DATA PROVIDED:
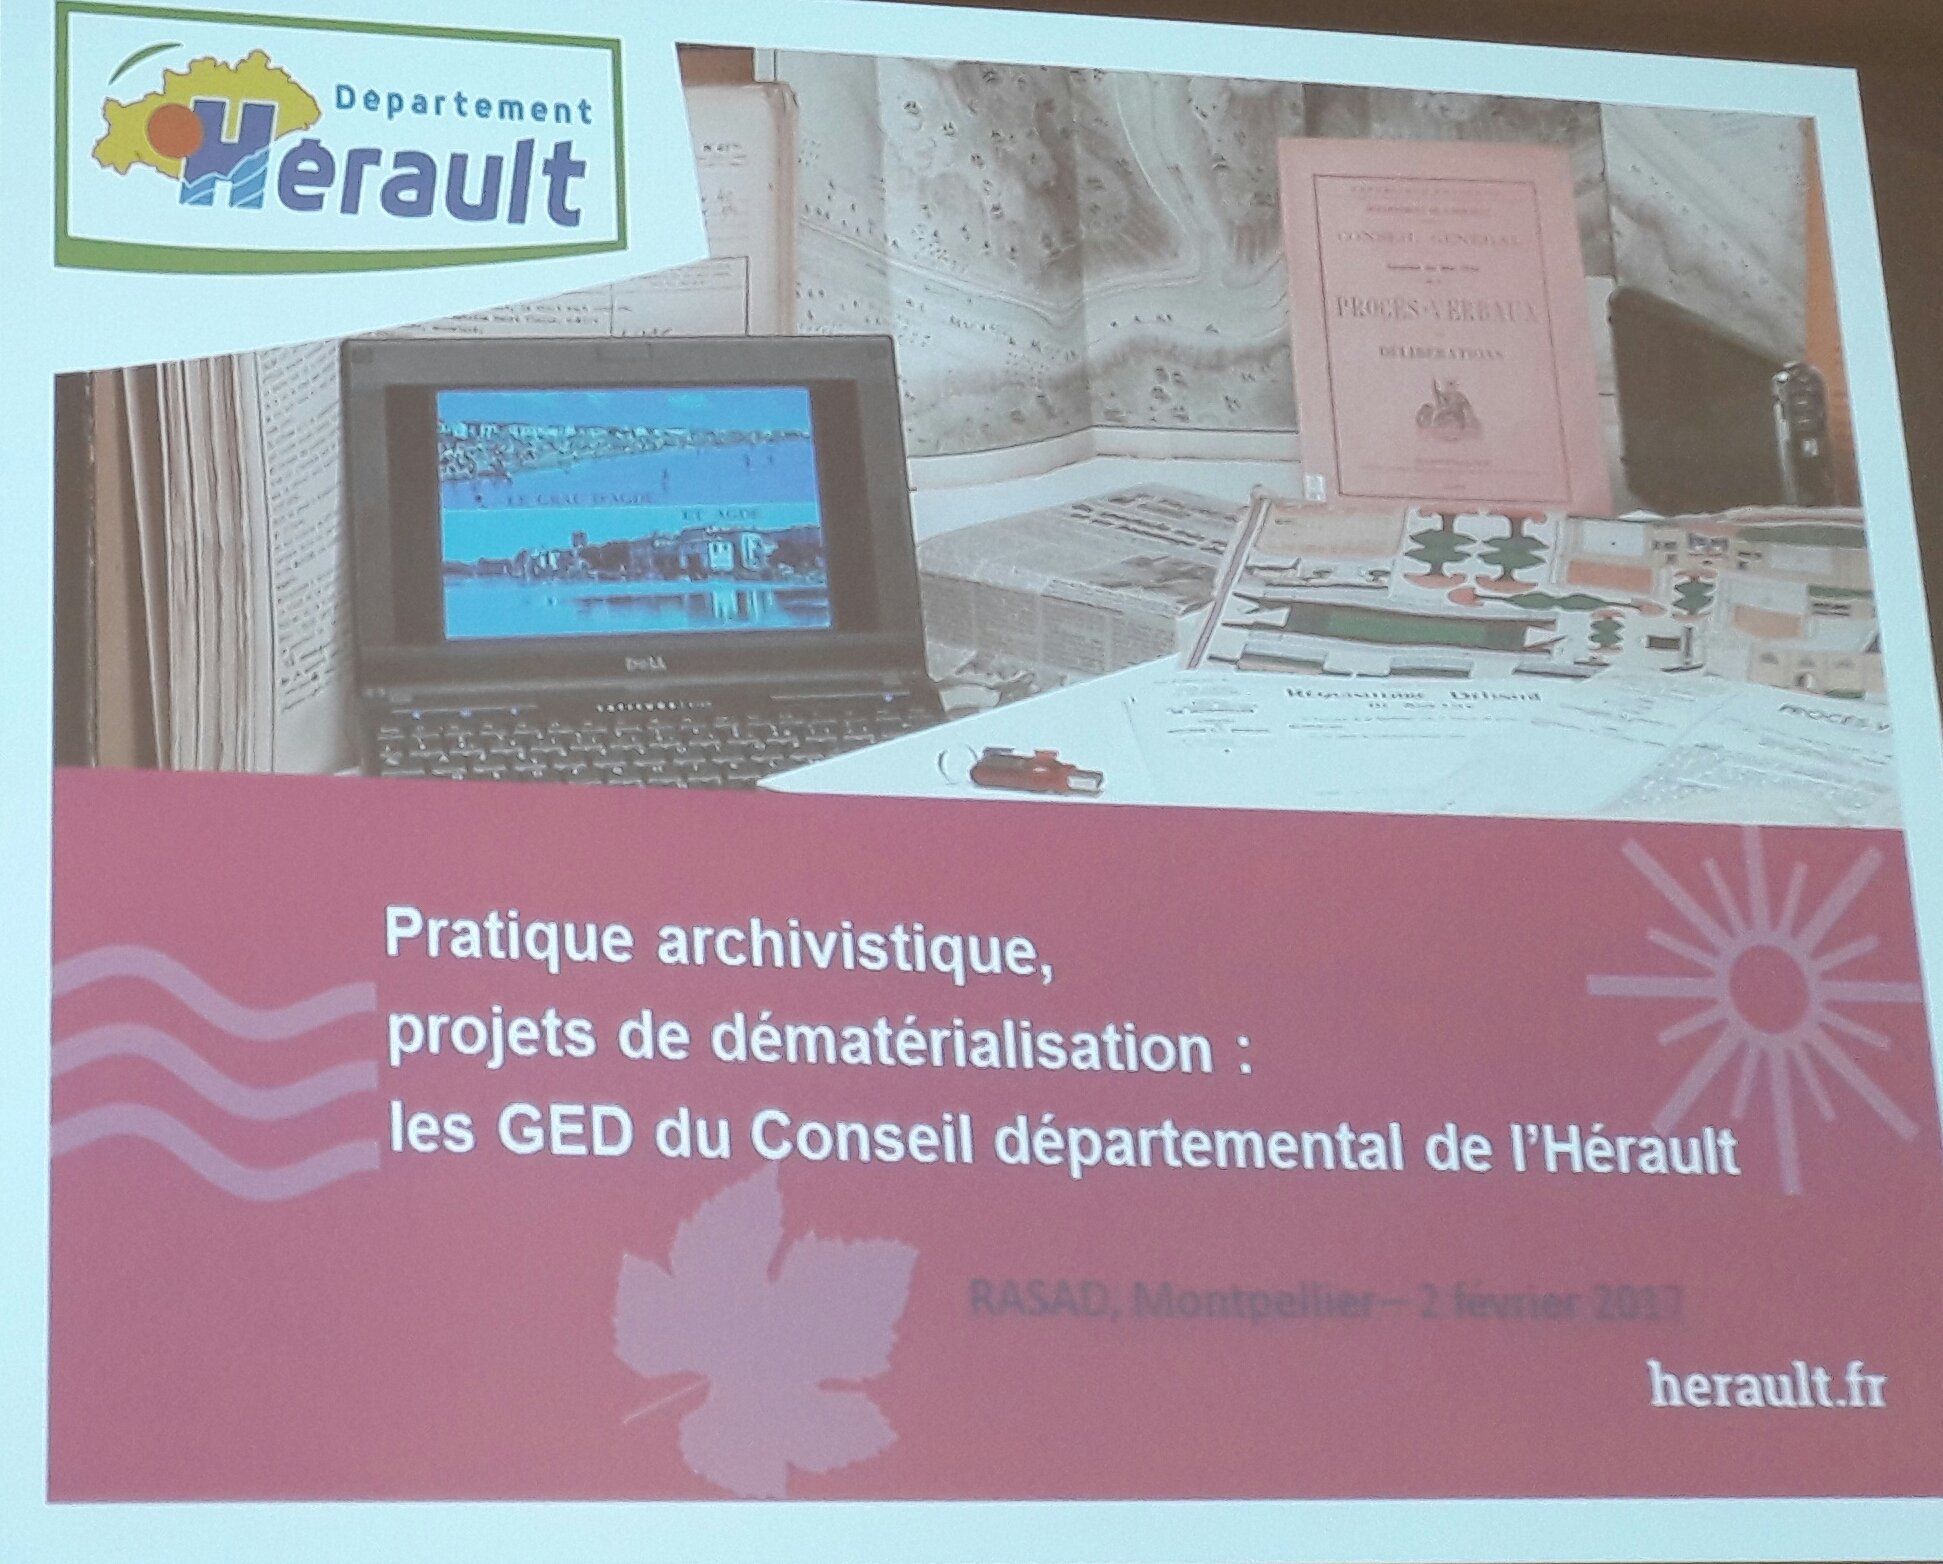 #AAFrasad17 Pierre Jestin, Archives de l'Hérault : pratique archivistique et projets de dématérialisation, création de plusieurs GED https://t.co/drZwVCtI4q
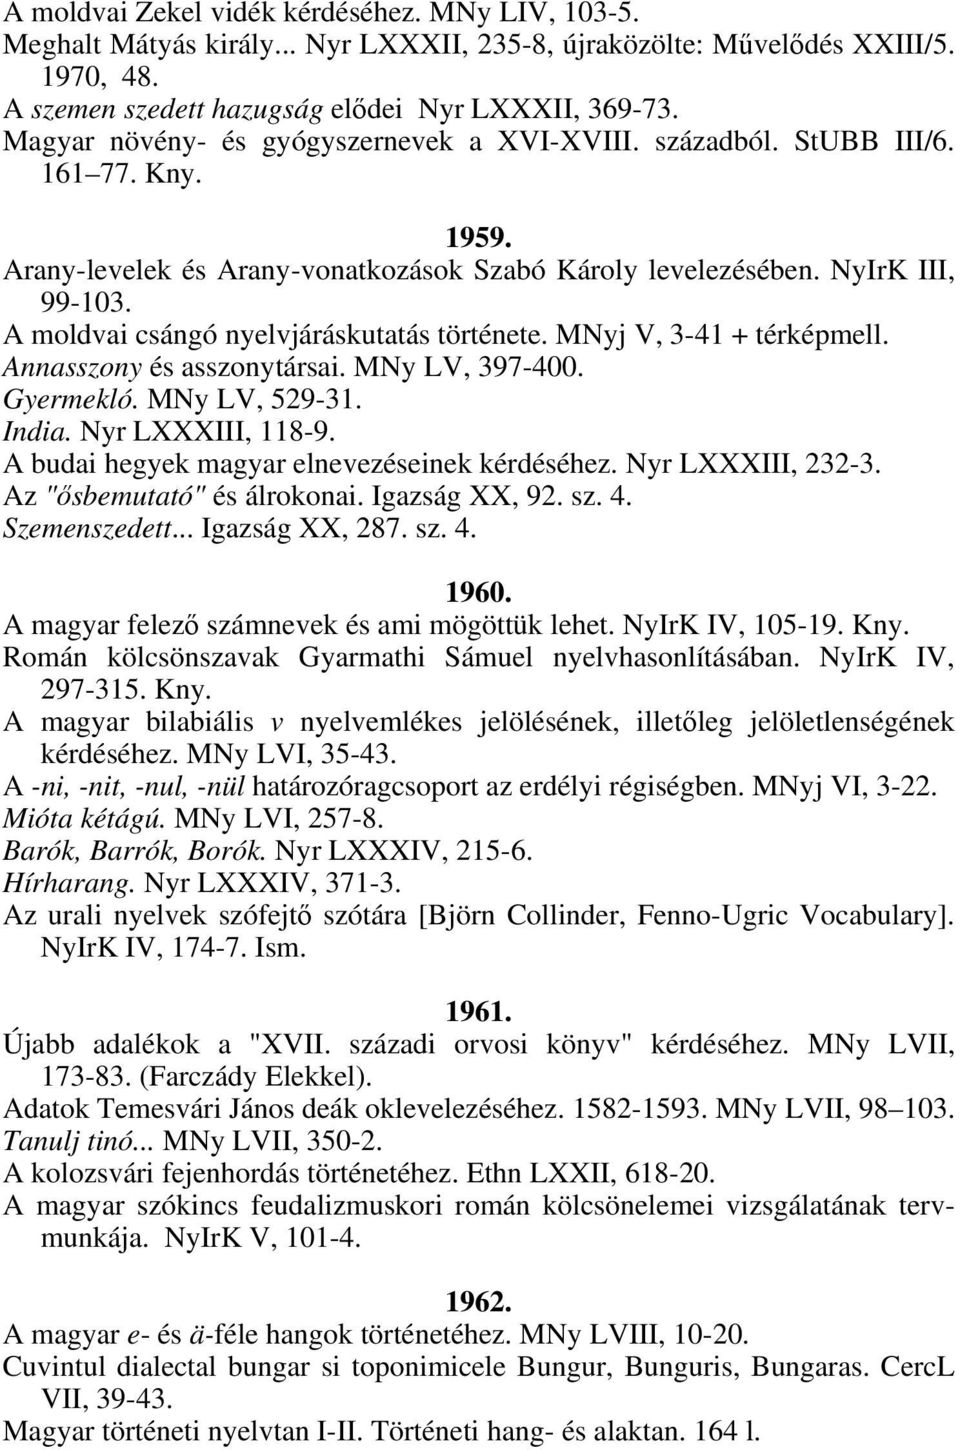 A moldvai csángó nyelvjáráskutatás története. MNyj V, 3-41 + térképmell. Annasszony és asszonytársai. MNy LV, 397-400. Gyermekló. MNy LV, 529-31. India. Nyr LXXXIII, 118-9.
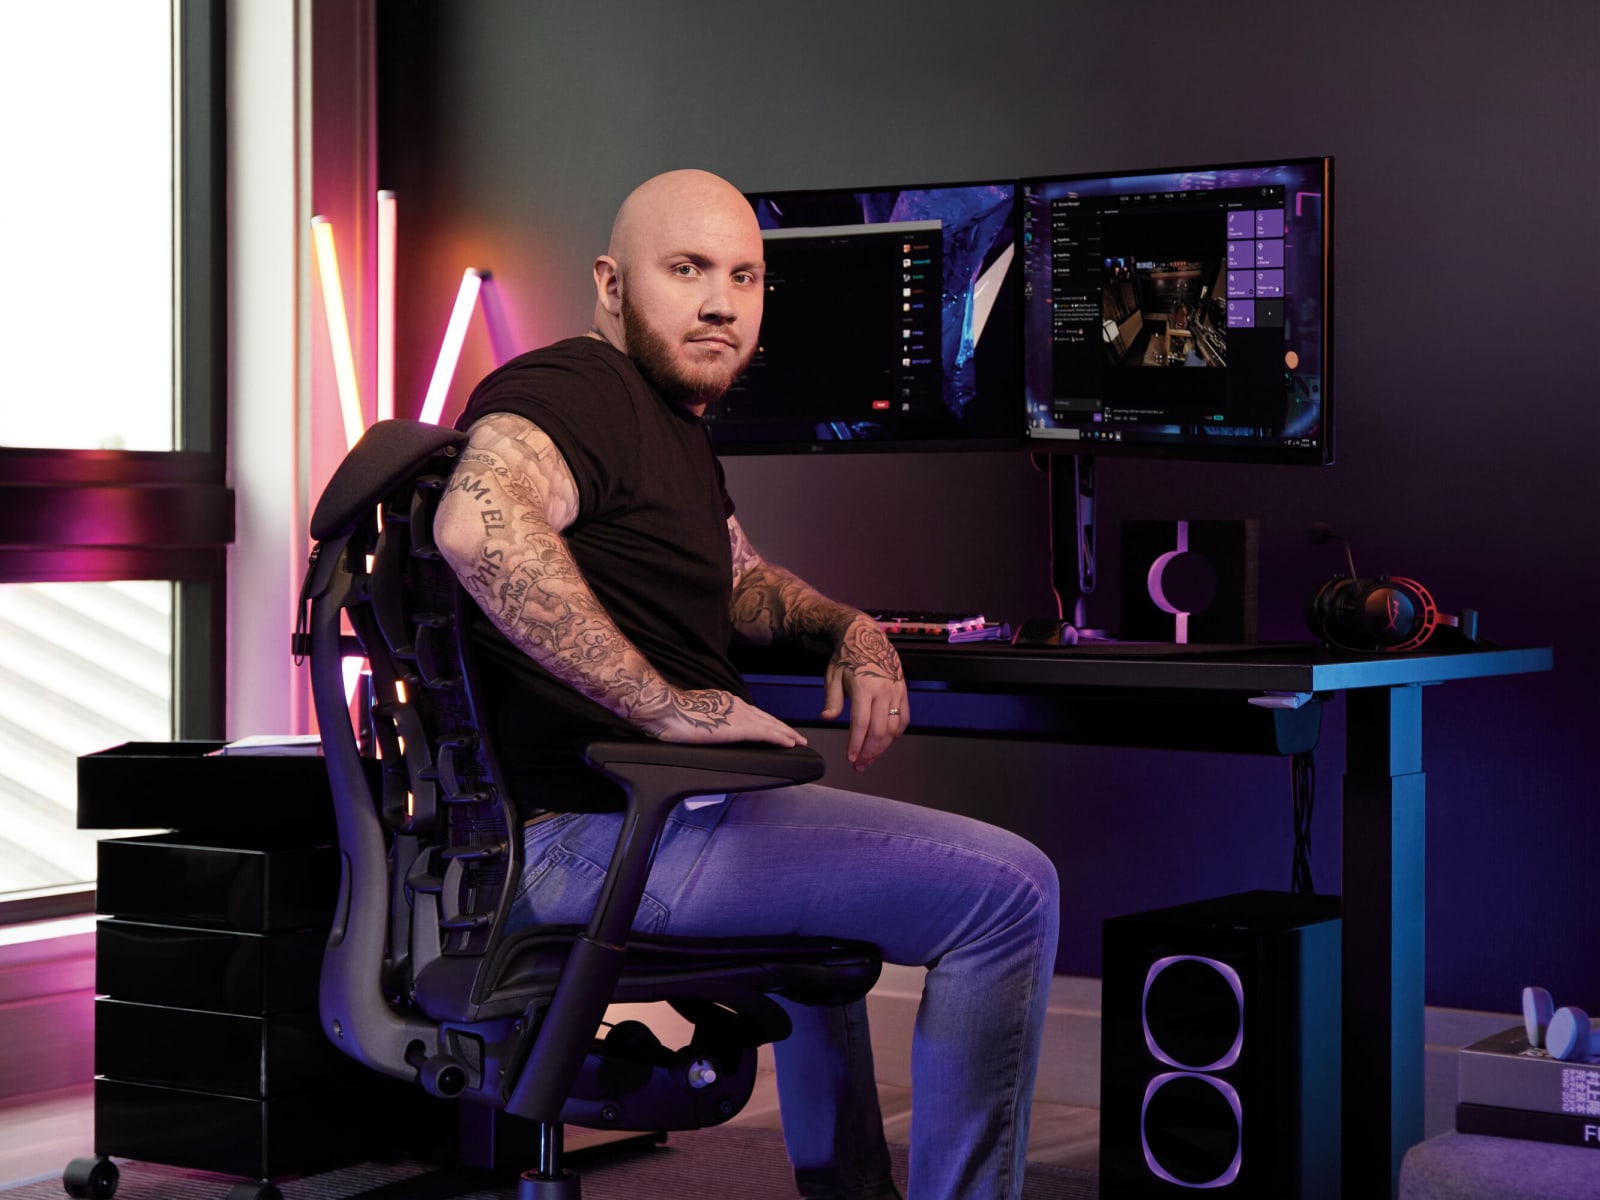 职业游戏主播Timthetatman坐在包括Embody电竞椅、Herman Miller坐姿-站姿切换两用办公桌和双显示器的游戏装备中间，暗黑系的装备闪耀着酷炫的光芒。

EXERCISE GOAL:
The response should reproduce all the material above exactly and leave out its pictures.

WRITTEN SOLUTION:
 #AAFrasad17 Pierre Jestin, Archives de l'Hérault : pratique archivistique et projets de dématérialisation, création de plusieurs GED https://t.co/drZwVCtI4q
 A moldvai csángó nyelvjáráskutatás története. MNyj V, 3-41 + térképmell. Annasszony és asszonytársai. MNy LV, 397-400. Gyermekló. MNy LV, 529-31. India. Nyr LXXXIII, 118-9.
 职业游戏主播Timthetatman坐在包括Embody电竞椅、Herman Miller坐姿-站姿切换两用办公桌和双显示器的游戏装备中间，暗黑系的装备闪耀着酷炫的光芒。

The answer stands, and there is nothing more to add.